I think it would be cool to keep the specs similar if possible. If you don't mind it going 35mph to 45mph on surface streets than move forward with the build. Who knows your little motor might be just perfect you all ready have it so why not use it. The worst thing that could happen is you blow it up but its free so why not see what it can do if money savings is the top priority! 

Either way its a win win bro you are taking one more gas guzzler and turning it into something that does not require you to stop by the gas station and fill up or requires you to get DMV air quality testing and can possibly charge up solely by clean energy if you have some PV arrays! 

Best of luck to you Snakub on your build,

GreenHornet


----------



## Snakub (Sep 8, 2008)

Thanks a lot for your reply major I have been really wanting to know about where this motor came from.

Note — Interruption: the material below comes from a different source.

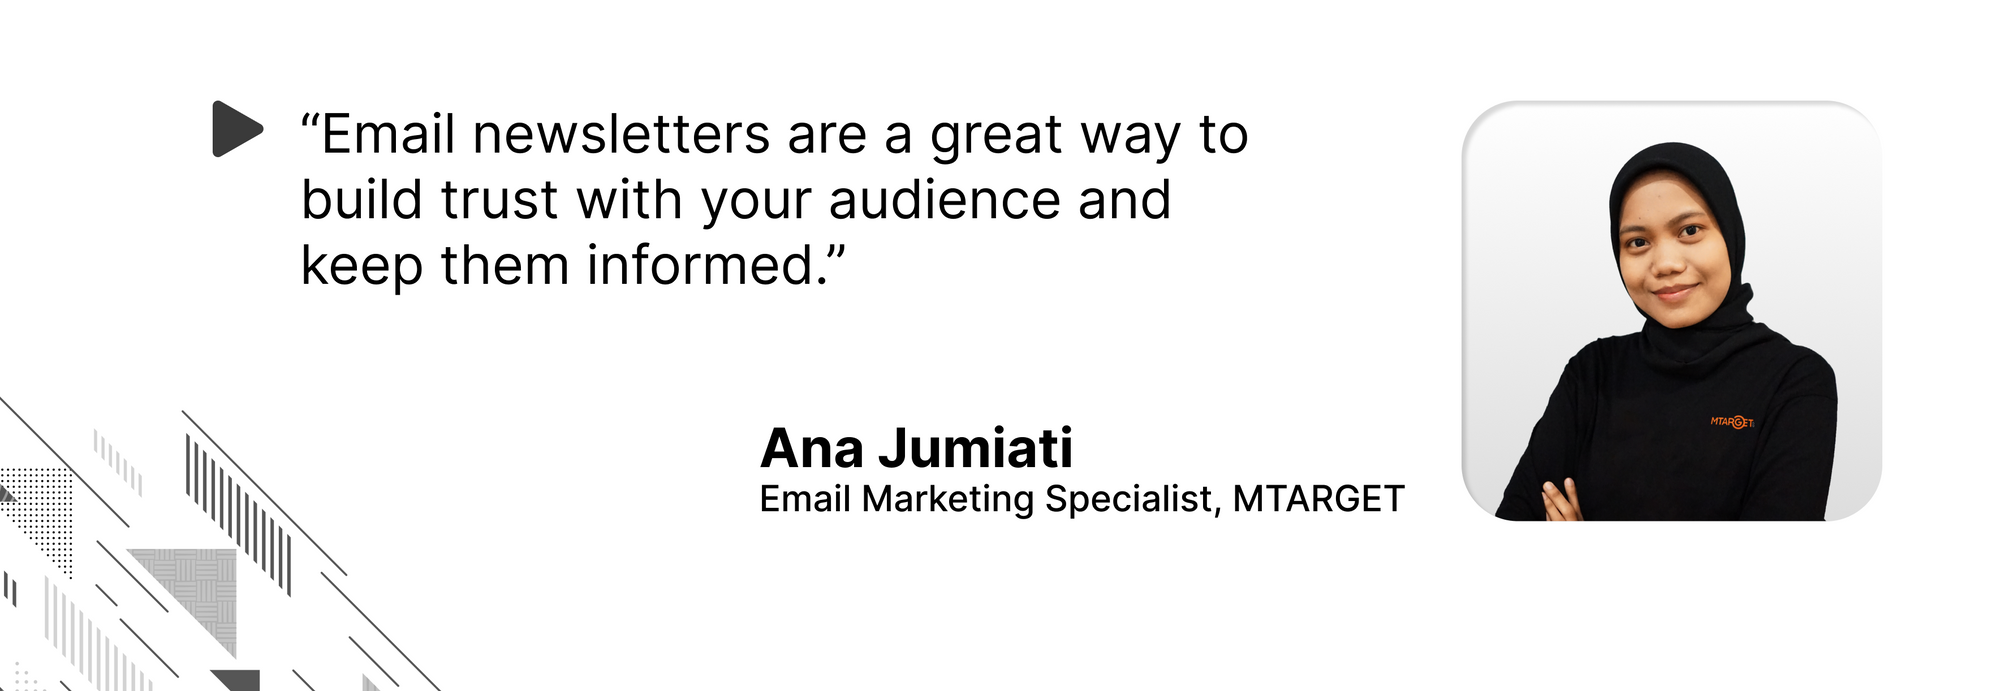 Quote oleh Ana Jumiati mengenai email newsletter yang menjadi cara ampuh untuk membangun customer trust.

With all the problems that you have suggested I now think that this motors destined for a dual motor go kart project of mine. But you don't think that the coupler I had planned from surplus center would work? Any suggestion for a series motor that would fit in the engine bay of the 500?


----------



## GREENHORNET (Dec 25, 2012)

One other option you may think about that would definitely work is a PMAC motor. I am just throwing this out as space is a big deal in a small Fiat 500. You could also dual motor these on the cheap for great performance out of a small fiat 500. Fitting 2 of these motors would be a piece of cake. 

The ME0913 would do the trick on a car this size. The motor has a good weight to power ratio at 35lbs and 12kw/16HP continuous @ 96V. They can be purchased new for under $700.00 if you look around and used you can pick them up pretty cheap. So a dual motor setup could feasably be done for under $1000 used with this option. That would give you a compact 75lb motor combo that could put out 24kw/32HP cont and peak out at 60kw/80HP at 96V  They are Brushless designed so no maintenance on these boys ever. Use a small tranny on them in your conversion and you would be good to go. You would also most likely have superior performance capability than the original ICE version had. 

The controllers suited for these guys would be a Sevcon Gen4 not sure for pricing on these guys but I would estimate them at around $1000 or under model depending. The only drawback to going dual motor on these is you would need 2 controllers they do not play nicely with a single controller configuration. So added controller cost would be needed. However you may be able to find some good used controllers or check around for any DIY ones this is always an option. 

Specs: http://www.motenergy.com/me0913.html


----------